Blog

Your data team is too slow (and accuracy won't save you)

Katie Bauer, Hex's Head of Data, shares a hard truth: speed matters as much as accuracy, and AI agents finally let data teams deliver both.

Hourglass

The irony of my career in data: my love of getting to the bottom of things is also my biggest liability. I feel like I’ve really done my job when I have a complete, accurate answer. Sometimes it’s the right thing to do and there are many stakeholders who appreciate it, but there are a lot more who receive the buttoned up output of a data professional and think, “…that’s not really what I needed, and now it’s too late.”

This is a bad experience for all parties involved, but it’s much worse for the data professional.

When you don’t give someone the data they were envisioning at the speed they expected, there’s a silent cost. They start questioning your ability to quickly understand what they need, which starts them down the path of disengaging. The data professional lives or dies by stakeholder trust, and both accuracy and speed are required to build and maintain it.

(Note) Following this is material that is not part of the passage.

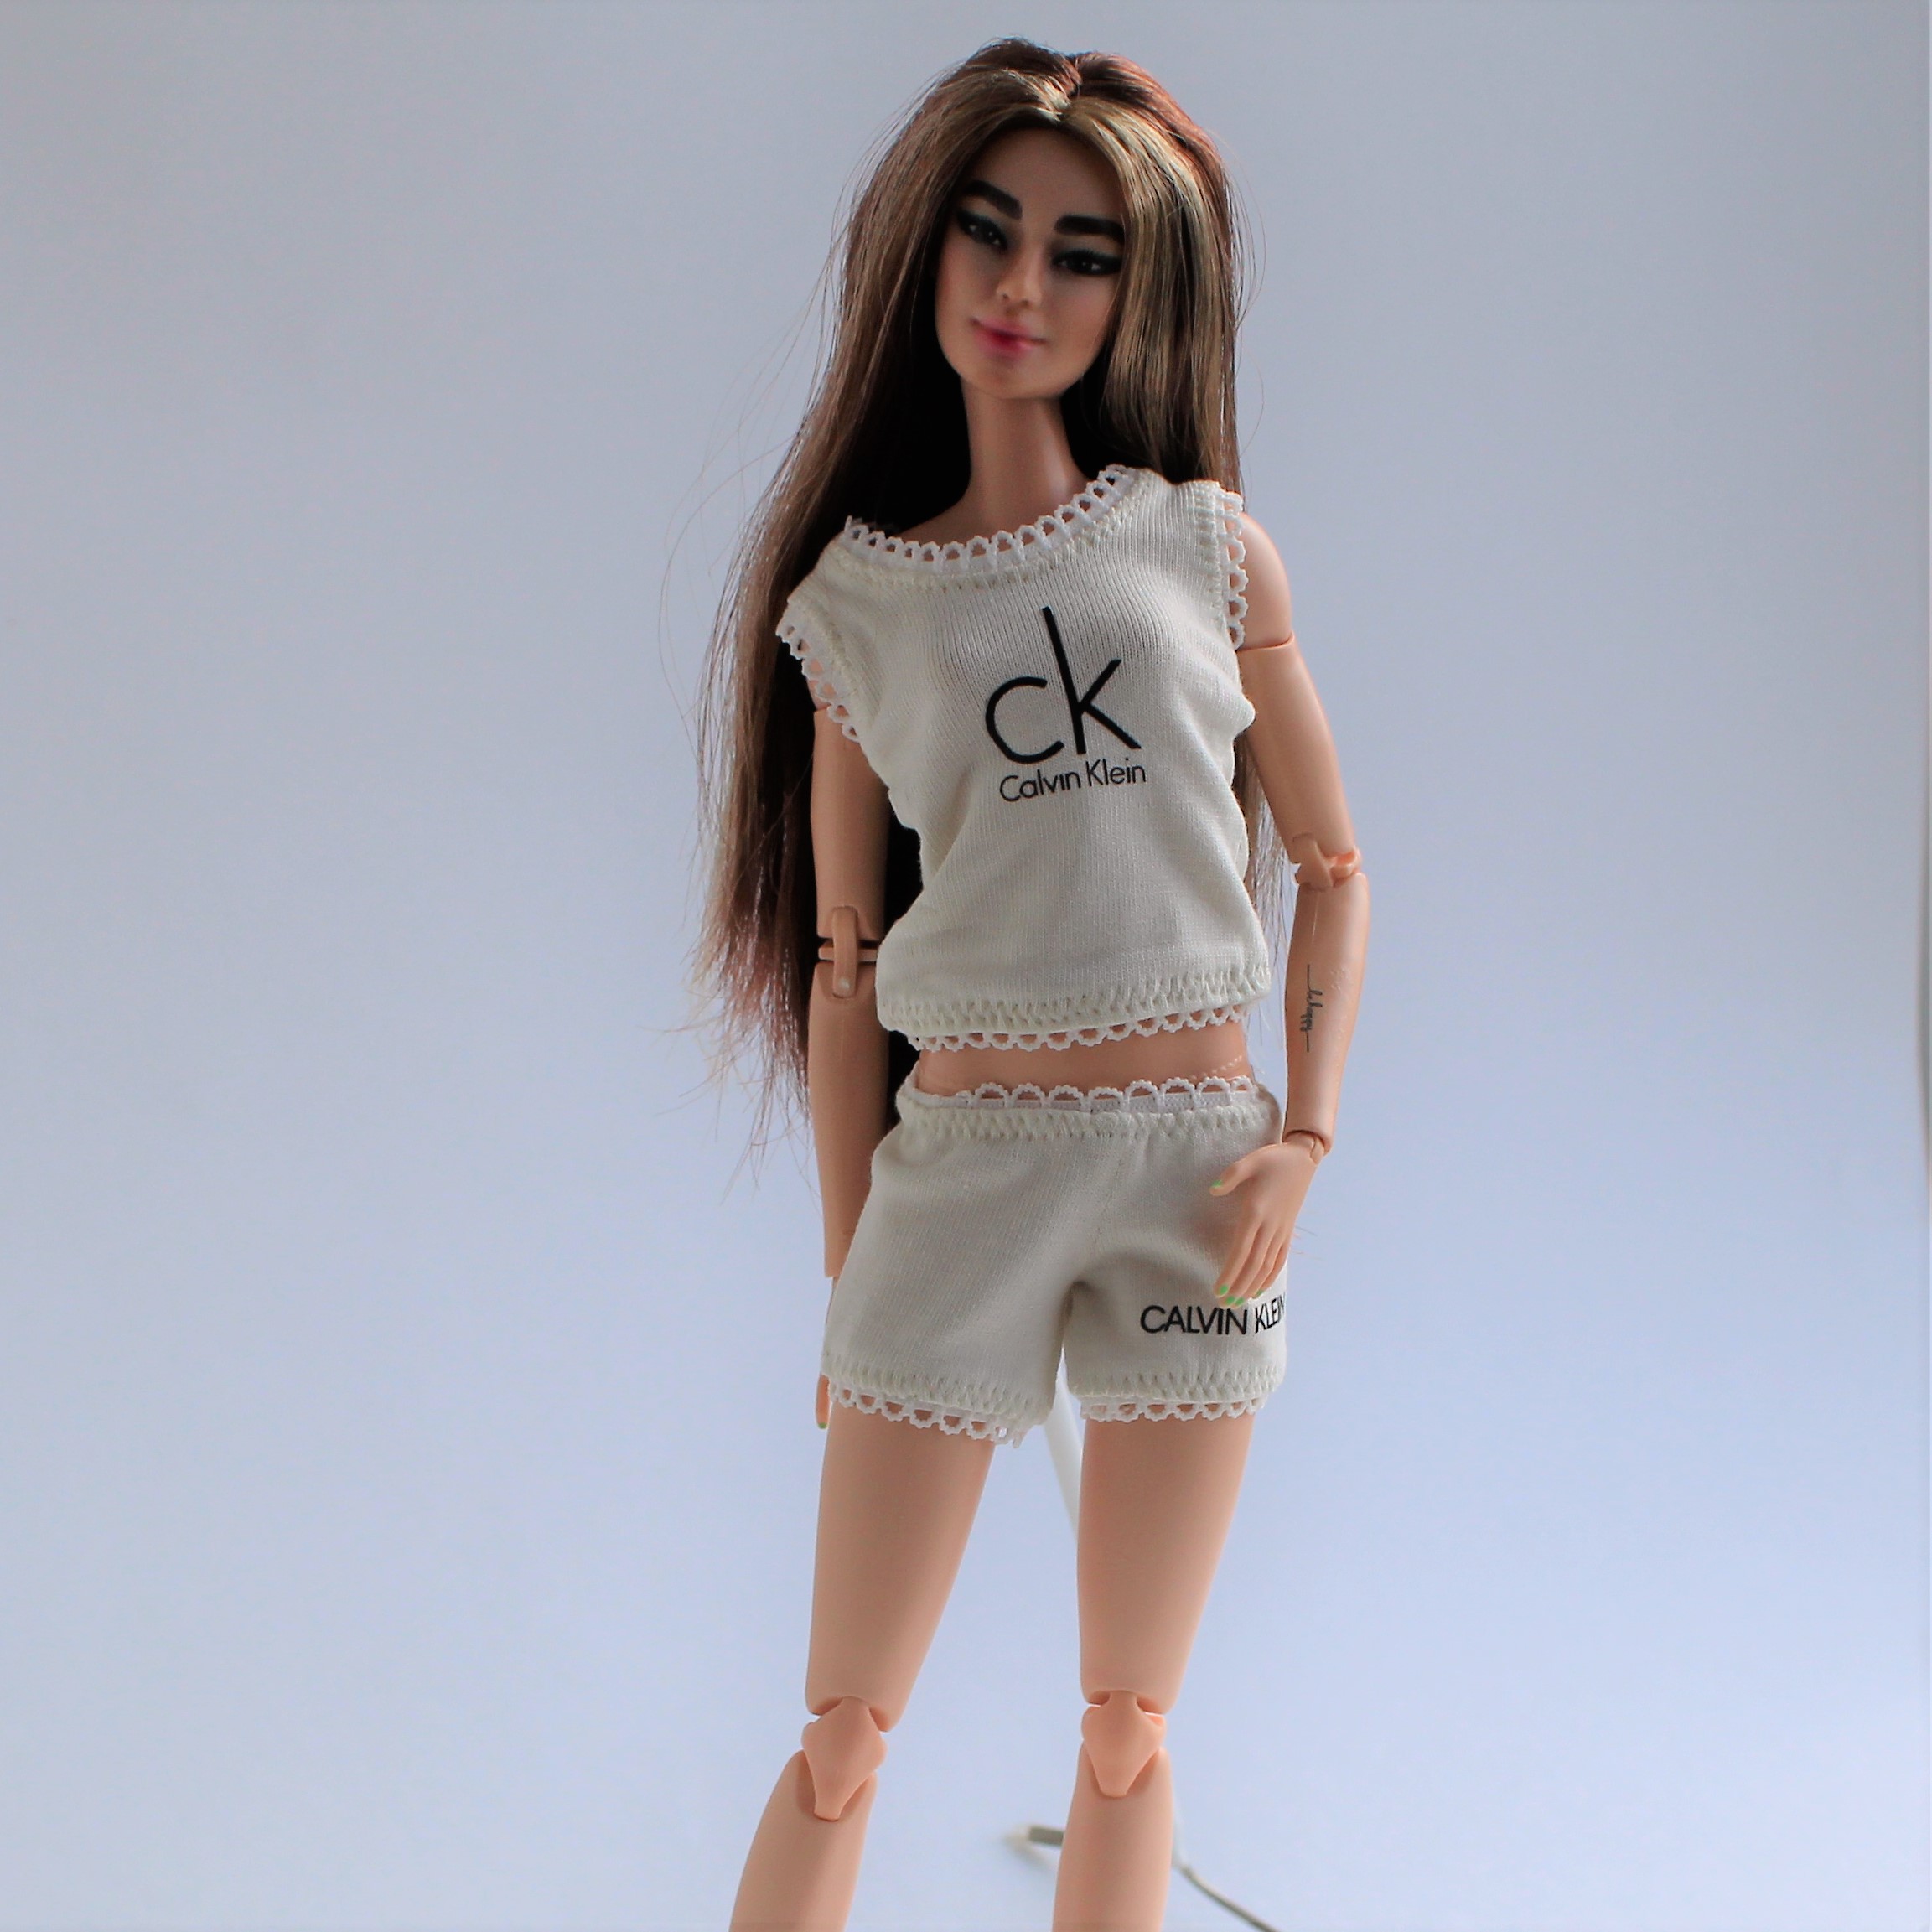 Kit 2 - Barbie - Moldes em pdf para Roupas de Boneca.

Accuracy isn’t the only goal

Data teams have been on the quest for reliability for a long time, envisioning a beautiful future where consistent and accurate data is available to anyone, at any time, via a self-service interface.

The good news is we’ve made a lot of progress over the years! The problem is there’s been disproportionate focus on the accuracy piece, while our ability to quickly get data into the business’ hands has largely been static. It’s 2025, and the data profession is overwhelmingly still focused on delivery through dashboards, which often take time to turn around.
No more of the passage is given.